Movie Background Table

DetailInformation
TitleThree Broadway Girls (original release title: The Greeks Had a Word for Them) 
DirectorLowell Sherman 
ProducersSamuel Goldwyn (Samuel Goldwyn Productions) 
WritersZoë Akins (play The Greeks Had a Word for It), screenplay by Sidney Howard and others 
Main castIna Claire, Joan Blondell, Madge Evans, David Manners, Lowell Sherman 
Year of release1932 
CountryUnited States 
LanguageEnglish 
RuntimeAbout 79–80 minutes 
Studio / DistributorSamuel Goldwyn Productions / United Artists 
Public domain statusCopyright not renewed; now in the U.S. public domain and widely available under both titles 

Movie Cast Table

ActorRole
Ina ClaireJean Lawrence
Joan BlondellSchatzi (Schatze) Sutro
Madge EvansPolaire Quinn
David MannersDey Emery
Lowell ShermanBoris Feldman
Phillips SmalleyJustin Emery
Sidney BraceyThe waiter
Ward BondTaxi driver
Louise BeaversBeautician (uncredited)
Wilson BengeBellings, the butler (uncredited)

Full Plot Summary

Three of these glamorous former showgirls, Jean, Polaire, and Schatzi are attempting to make ends meet in the Depression era Manhattan. They combine their save to rent a luxurious penthouse apartment and pass themselves off as upper-end women, hoping that this will enable them to find rich boyfriends or preferably rich husbands. Under the same skin, though, each of the women, beneath the same address, has very different personality and agenda.
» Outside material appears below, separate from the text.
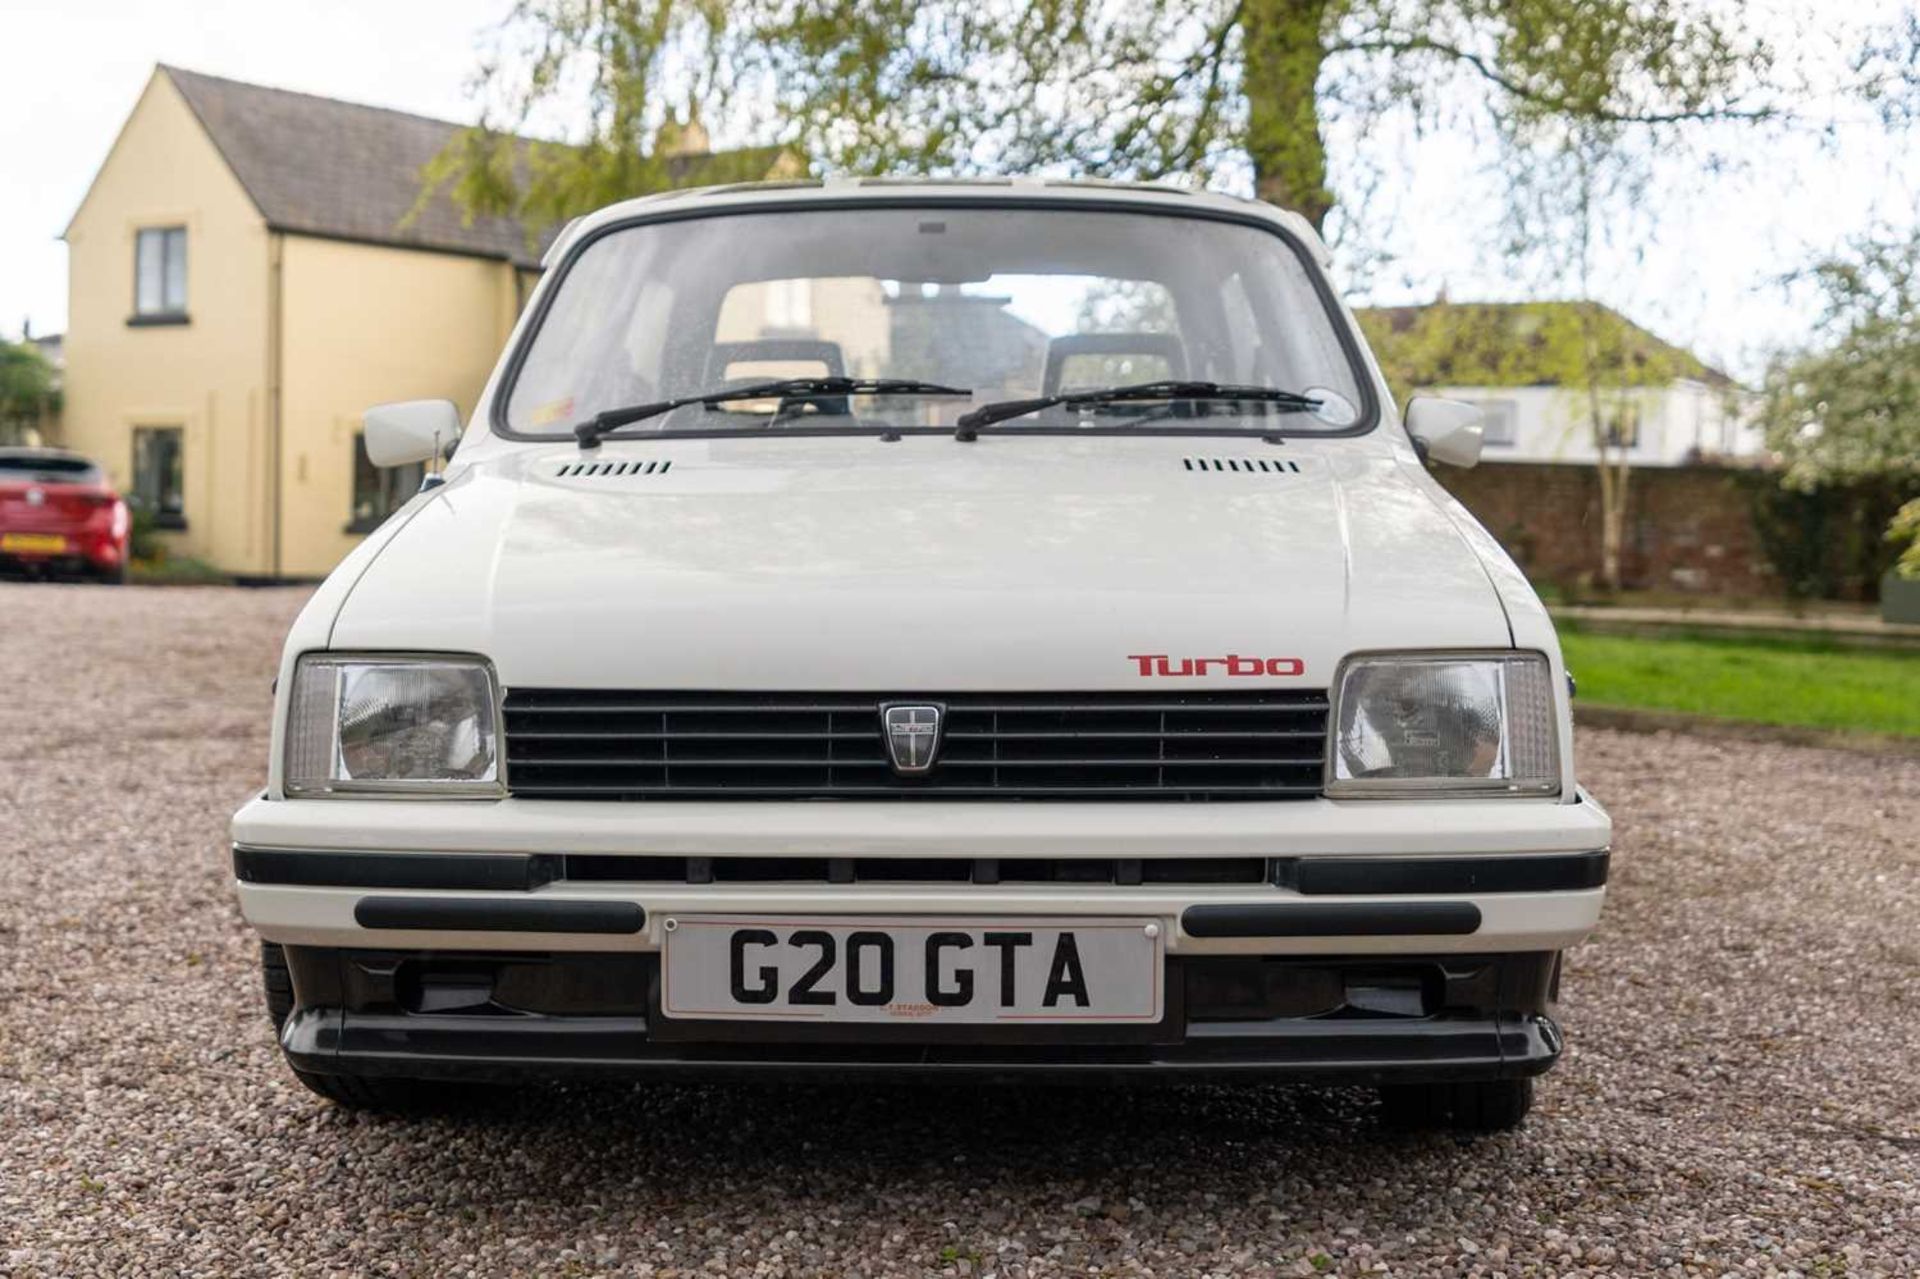 1989 Austin Metro GTa  Offered with the registration ‘G20 GTA’ and a fresh MOT - Image 7 of 53
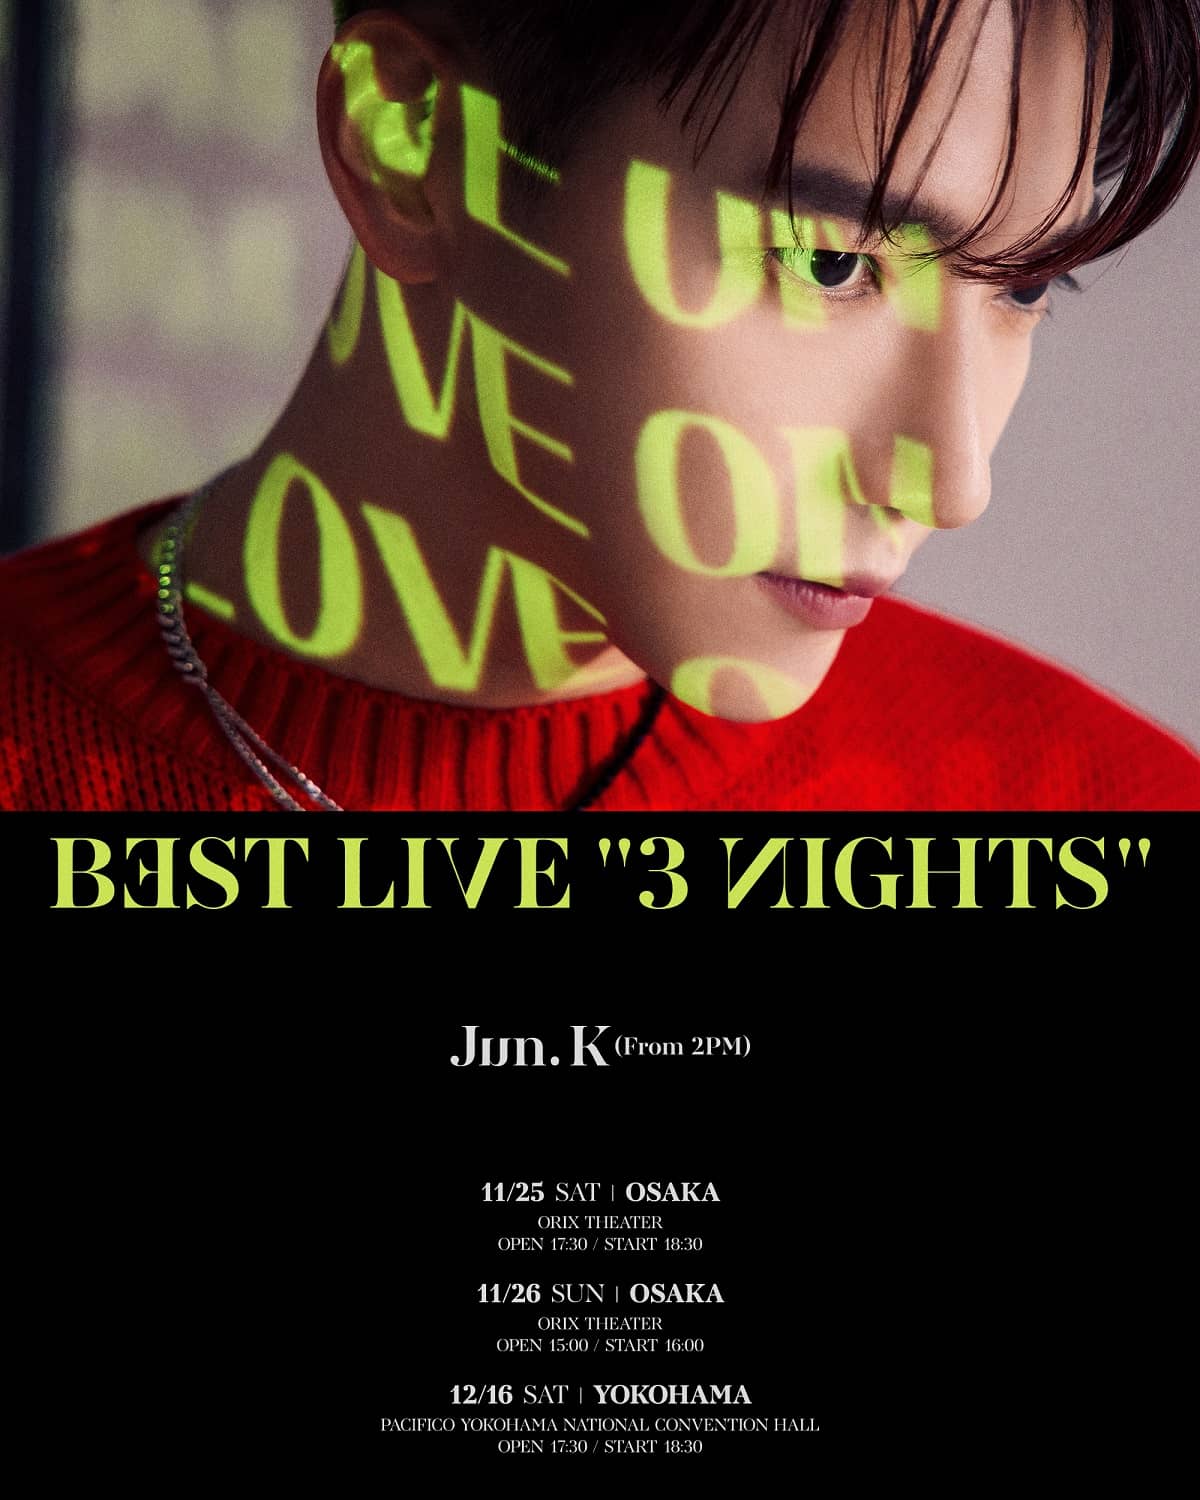 Jun. K (From 2PM) BEST LIVE “3 NIGHTS” Live Viewing

The most cynical and unscrupulous of the three is Jean Lawrence who has just returned to France after a disastrous engagement that left her penniless. She is not romantic and does not hide her treatment of men like marks. The kinder, the more honest of the two, is Polaire, who possesses the actual musical skill of a pianist, and who is a shyness which makes her less offensive to money. This is true of Schatzi, who is both fond and sarcastic; on the one hand, she likes luxury and sugary dots but on the other hand, she has a conscientious attitude to work.

Jean is annoyed to discover that while she was away, Schatzi has picked up an unseen older “Pops,” an elderly sugar daddy Jean had always hoped to snag for herself. Still, the three women keep up their pact to share opportunities and expenses, at least on the surface. One evening, they go out on the town with Polaire’s steady boyfriend, nice‑guy Dey Emery, and with celebrated concert pianist Boris Feldman, who has been lined up as Jean’s date.

In one of the nightclubs, Dey negotiates Jean with Boris, whom she initially thinks of as pompous and unimpressive. Boris is however fascinated by the coolness of Jean and makes the encounter an exercise in gambling, he writes the bet of 5,000 dollars on her saying that he can get her in love with him by the morning by merely playing the piano, and she must accept or lose the money. It is a conventional pre-Code coyness–a mixture of temptation and gamesmanship.

The group later moves to Boris’s stylish apartment for drinks and music. While Jean is being coy, Polaire, somewhat ignored, wanders to the piano and begins to play. Boris is instantly captivated—not by Jean, but by Polaire’s talent and quiet charm. He forgets the bet and Jean’s presence almost entirely, telling Polaire he can make her a concert sensation and offering to become her mentor. Dey, seeing Polaire and Boris bonding, quietly excuses himself, feeling suddenly like the odd man out.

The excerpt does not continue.